*Data extract*.
[Start of section]

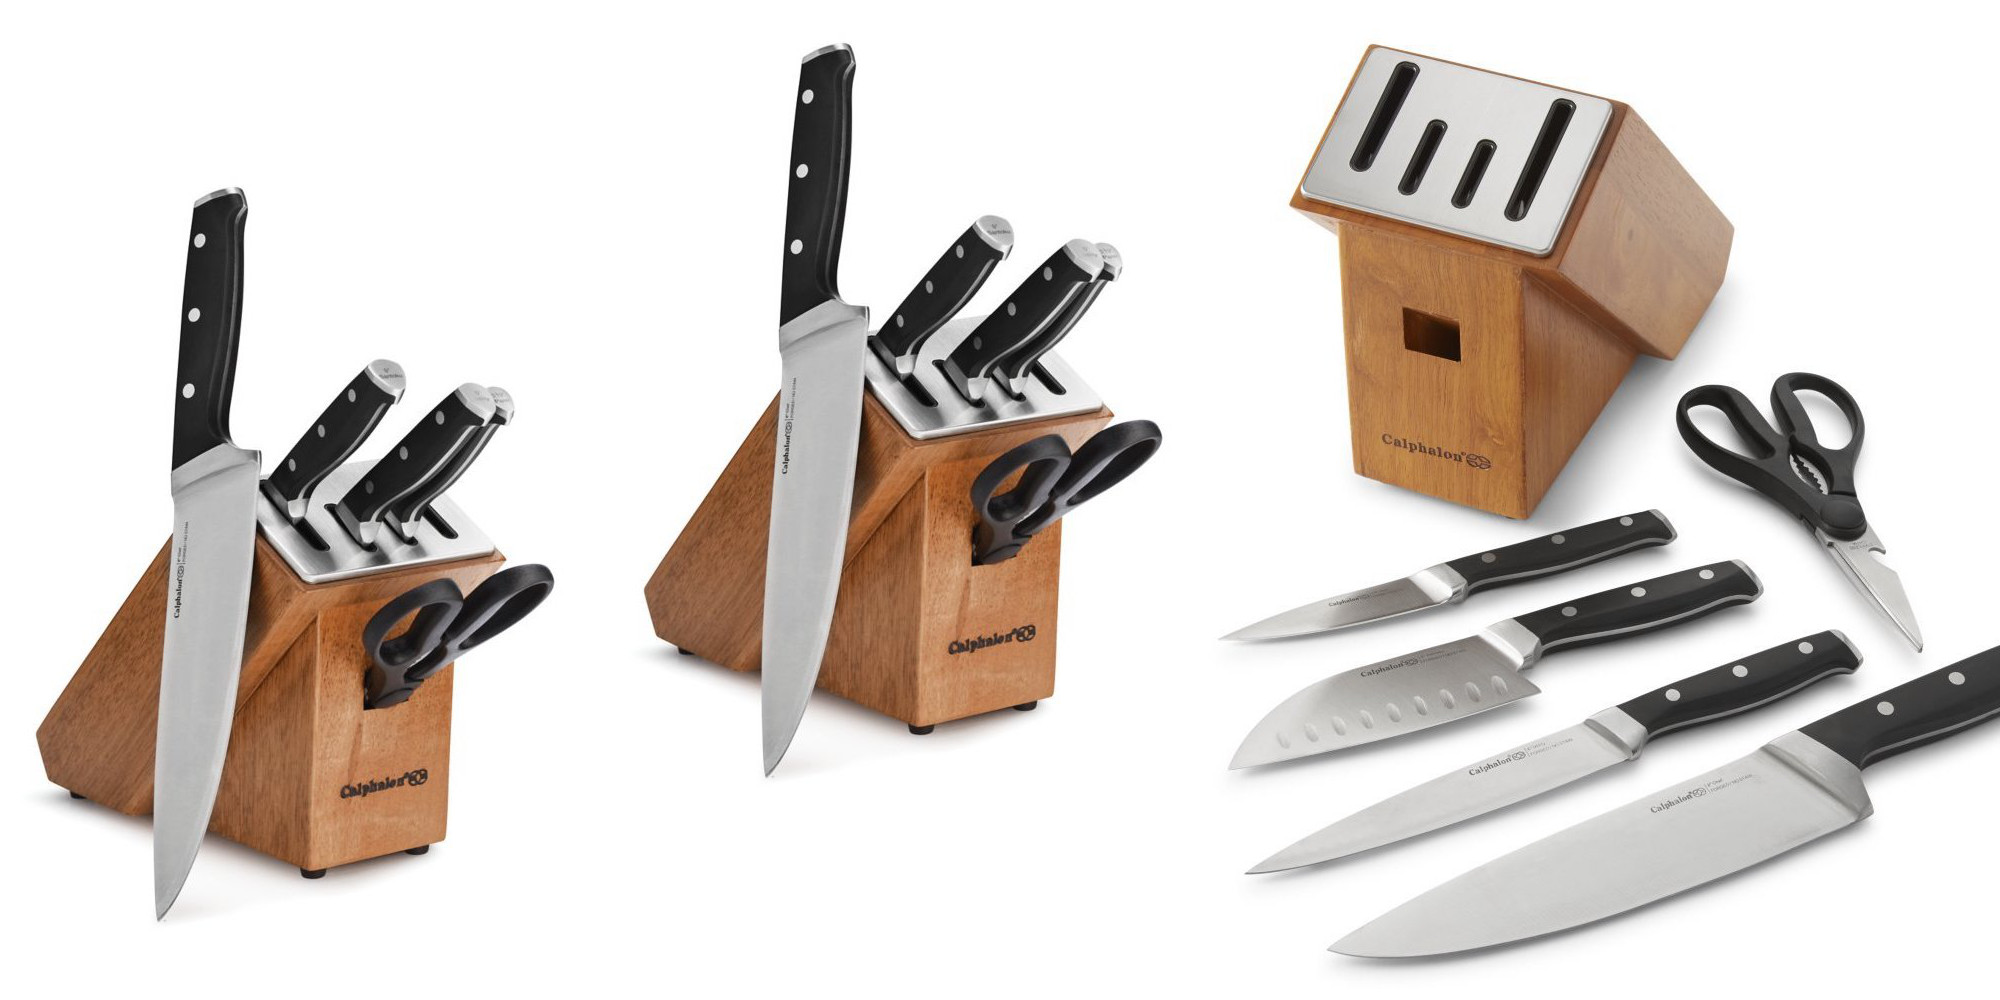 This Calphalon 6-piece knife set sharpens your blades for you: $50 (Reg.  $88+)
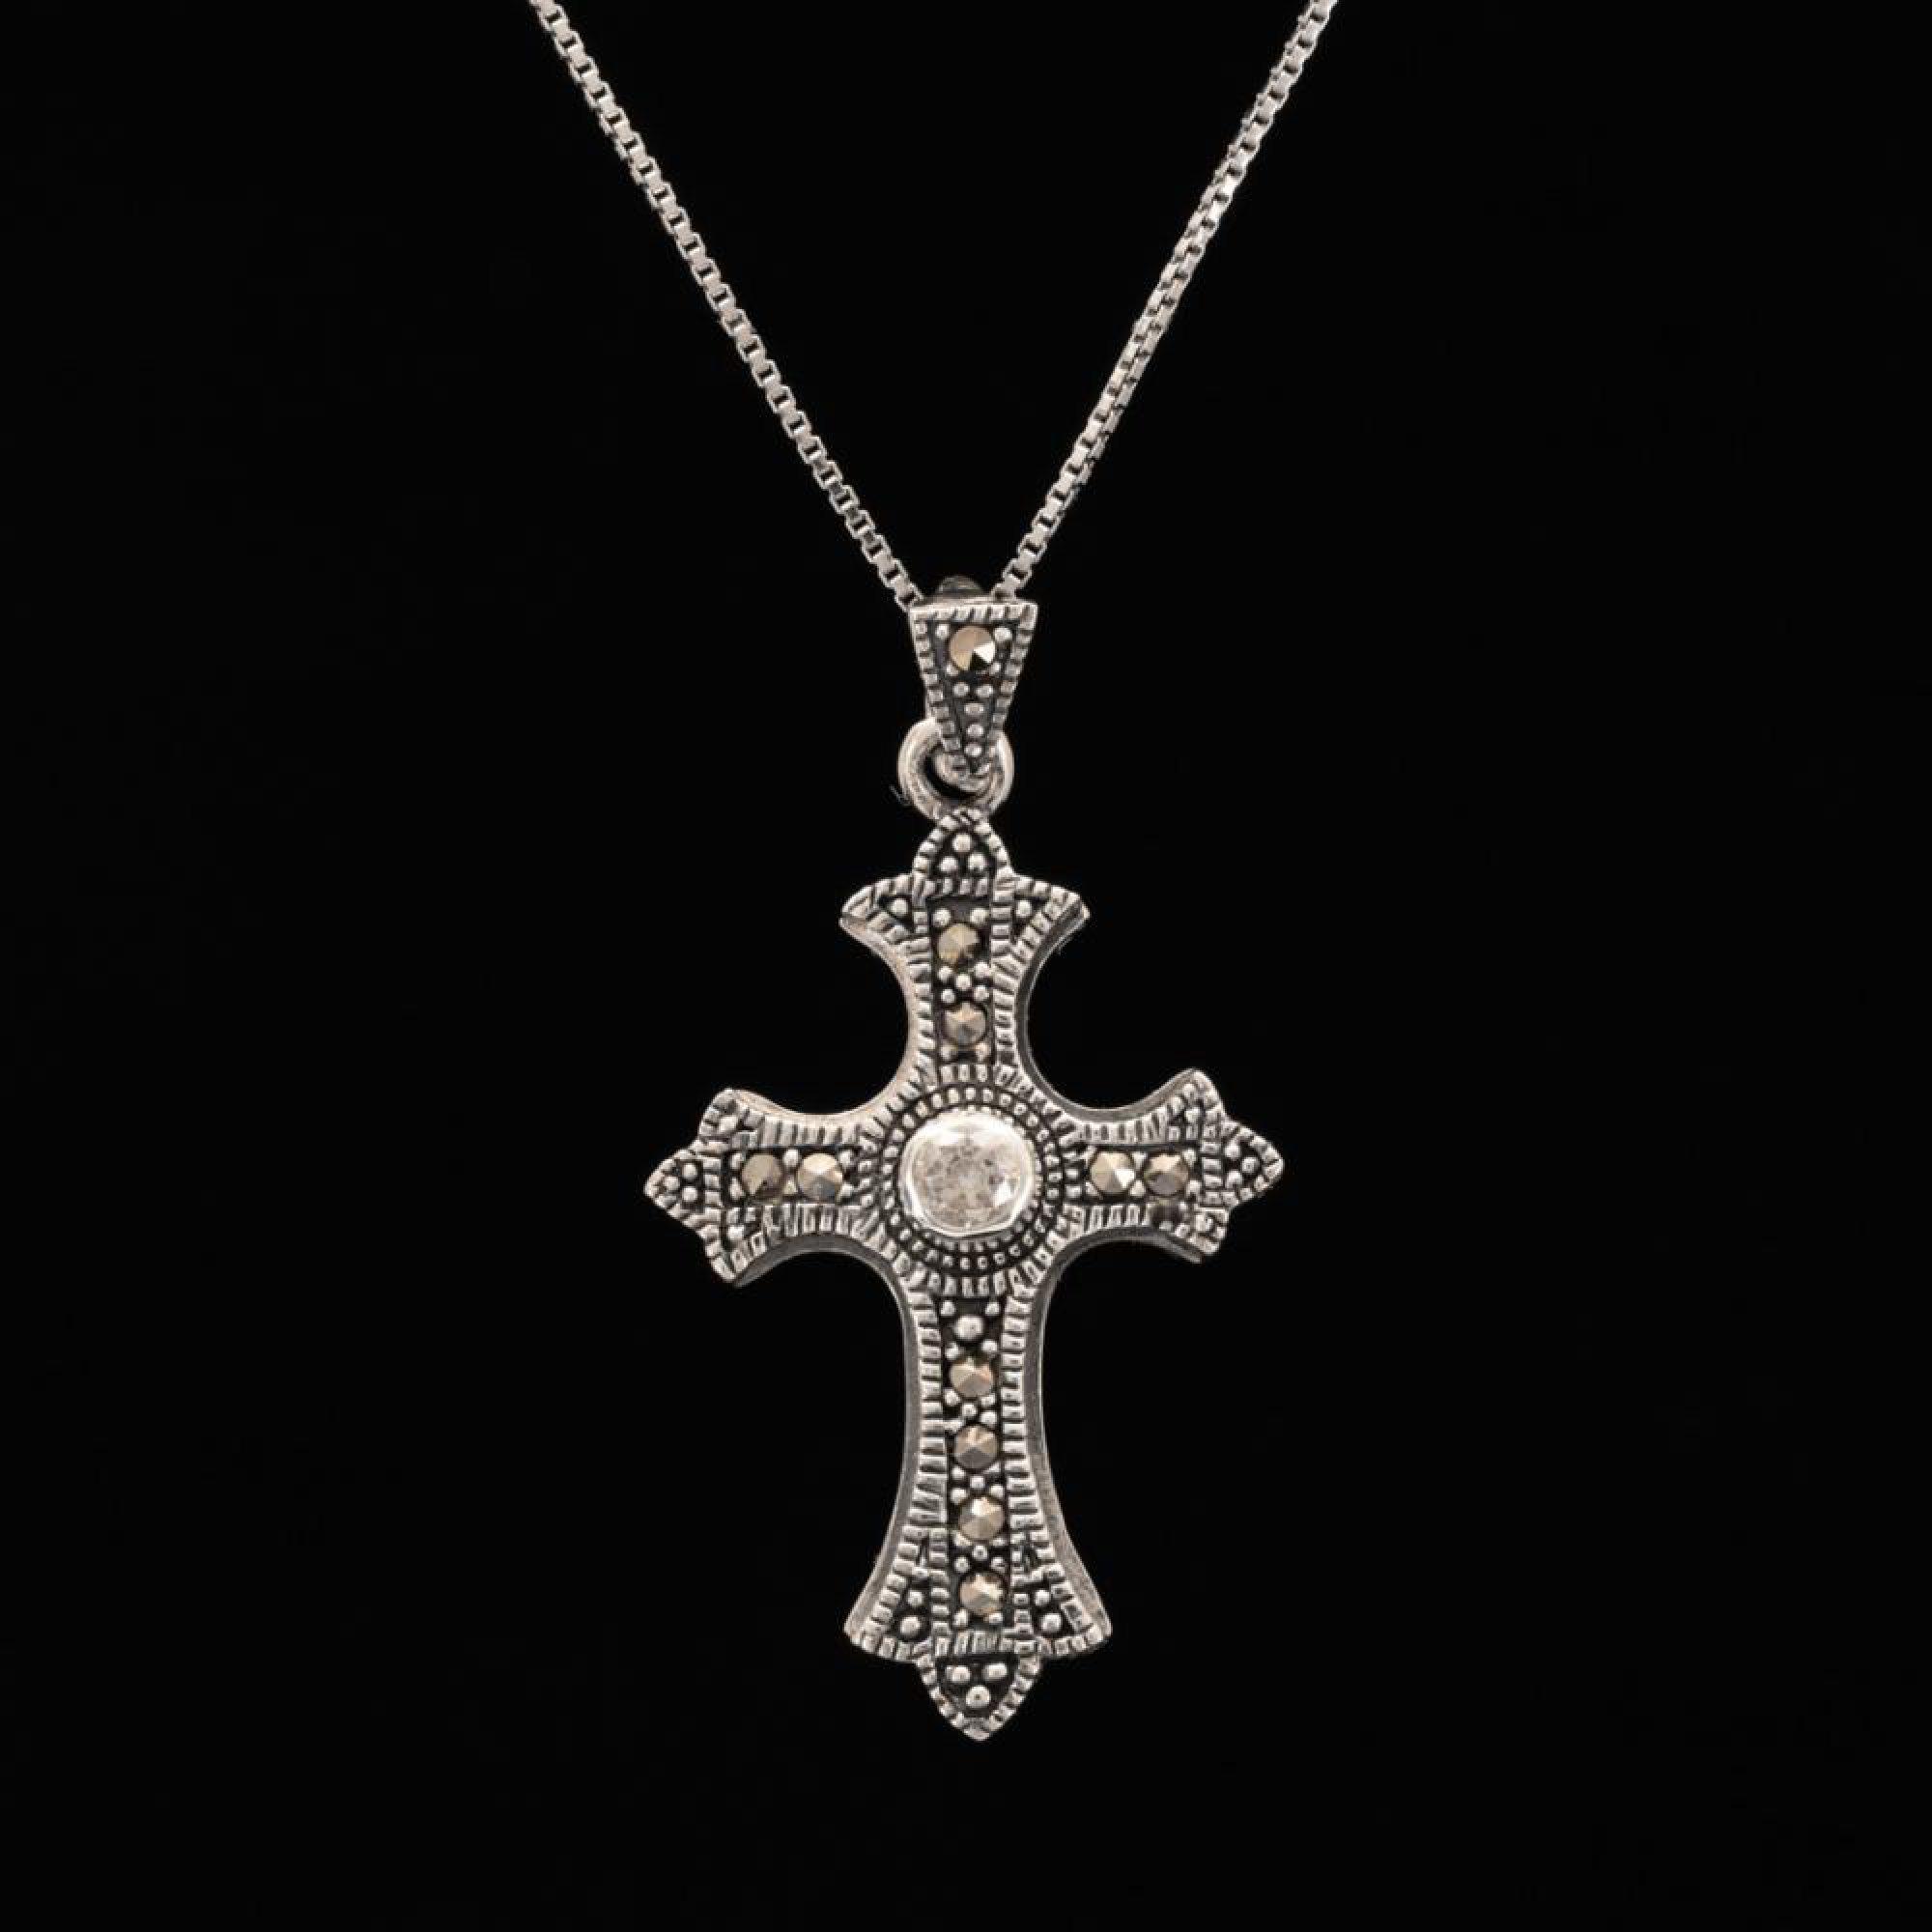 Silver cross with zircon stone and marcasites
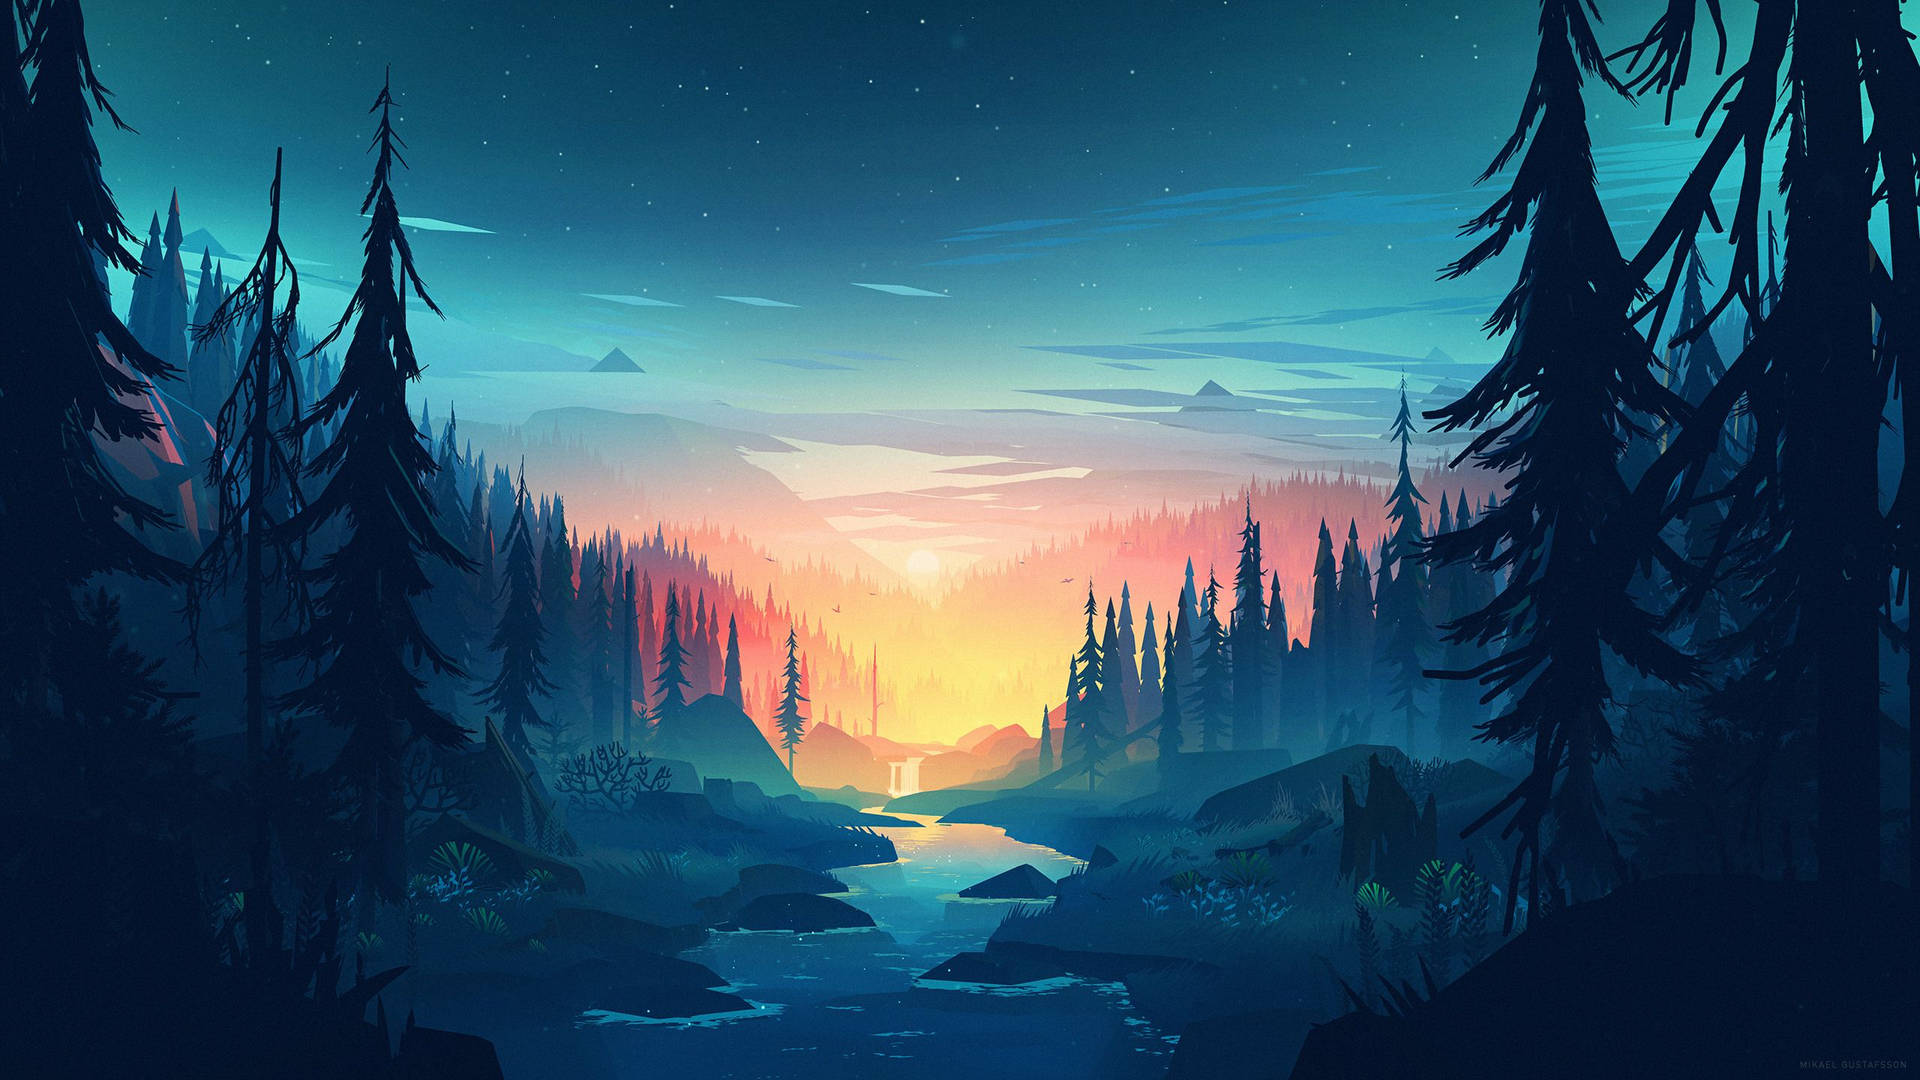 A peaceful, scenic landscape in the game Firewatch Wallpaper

[End of section]

Each line above should be printed again exactly, though the pictures should not be.

*Response*.
 This Calphalon 6-piece knife set sharpens your blades for you: $50 (Reg.  $88+)
 Silver cross with zircon stone and marcasites
 A peaceful, scenic landscape in the game Firewatch Wallpaper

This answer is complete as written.